Все еще тяжело дыша, она остановилась на камне, глядя сверху вниз на Ги.
– Ты сама как эльф, как королева эльфов! – в невольном восхищении воскликнул юноша. – Поэтому ты, видно, и не боишься их.
– О, нет, – горько вздохнула девушка. – Если бы ты знал, Ги, как мне хотелось бы хоть однажды увидеть этих дивных существ. Женщины, сидя за прялкой, порой рассказывают, что замечали следы на росистой траве после их танцев. Говорят, тому, кто в полночь войдет в такой круг, дано их увидеть. И знал бы ты, сколько я бегала по лесам в самые глухие и темные ночи ради того, чтобы встретиться с ними. Увы, все напрасно. Эльфы или ушли из этих лесов, или боятся людей.
– Как можно стремиться к встрече с нечистой силой?
Эмма обиженно выпятила губку.
– Когда у моей подруги Сизенанды заболела любимая телка, она прибежала в лес, положила нательный крестик на эльфийский алтарь и сказала только: «Господи, помилуй!» И ее телочка вскоре избавилась от лихорадки.
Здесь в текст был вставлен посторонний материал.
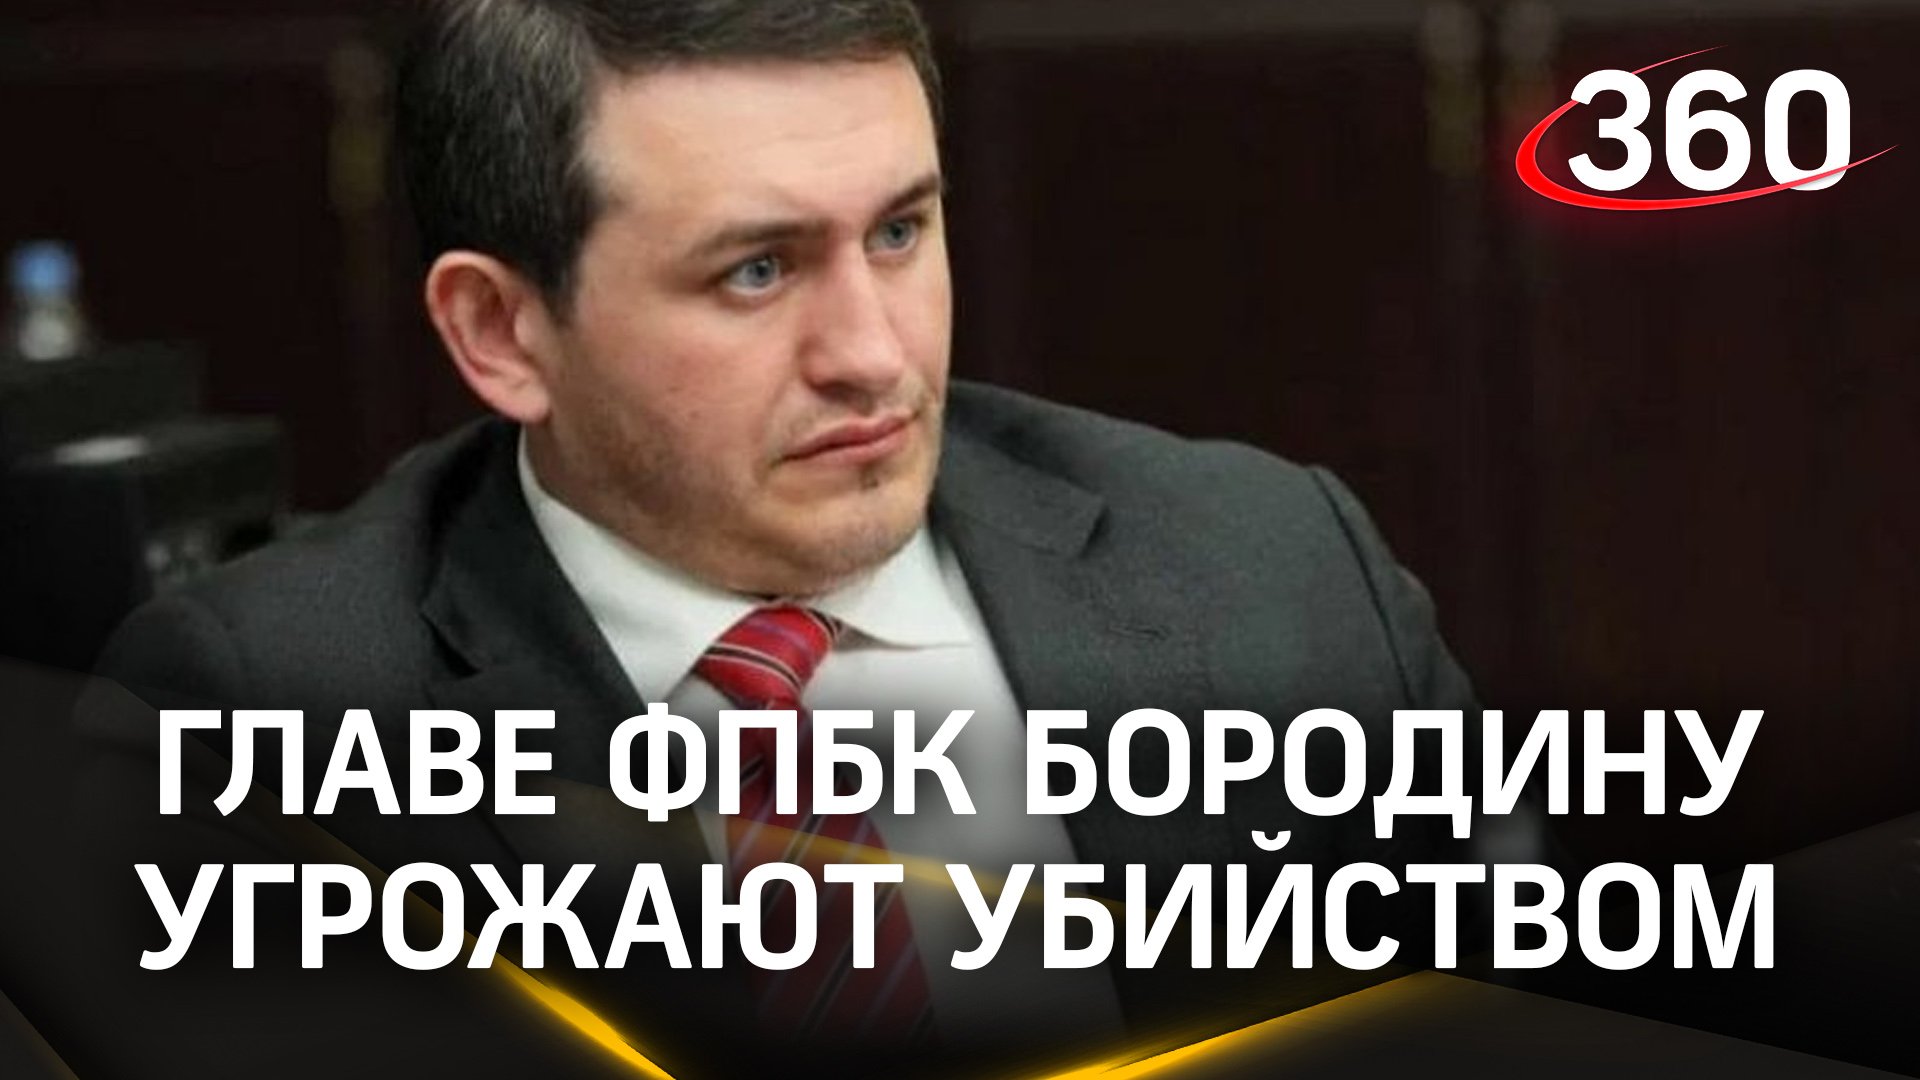 «Таких, как ты, я положил тысячами» - антикоррупционеру Виталию Бородину угрожают расправой

– Суеверие, – хмыкнул Ги. – Ты что же, веришь во все эти фигурки животных, подвешенные на деревьях? Ты ведь христианка, Эмма, ты образованна и умна!
Эмма ответила не сразу. Она села, опустив с алтаря ноги в сандалиях, а Ги встал рядом, облокотясь на камень.
– Что ты имел в виду, когда сказал, что с эльфами человек может пропасть? Это же добрые духи.
И тогда юноша рассказал ей известную историю о том, как жених, ехавший на свою свадьбу, увидел в лесу хоровод эльфов и, очарованный их плясками, немного покружился с ними. Совсем немного, и получаса не прошло. А оказалось, что минуло около тридцати лет, его родные уже умерли, а невеста превратилась в беззубую старуху.
Эмма слушала его, как ребенок, затаив дыхание. Губы ее были чуть полуоткрыты от изумления, тяжелые волосы теперь снова окутывали ее, как накидка, струясь на камень. Когда он умолк, Эмма еще какое-то время молчала, а затем спросила:
– Ты увезешь меня с собою?
И, не дожидаясь ответа, заговорила:
– Ты столько знаешь, столько видел. Я же мечтала только об одном – поскорее покинуть Гиларий-в-лесу. О, Бог свидетель, как я всегда хотела путешествовать, видеть мир! Я никогда не выбиралась из этого леса, но так хотела видеть другие аббатства, богатые поместья, большие города и, может быть, побывать при дворе короля Карла…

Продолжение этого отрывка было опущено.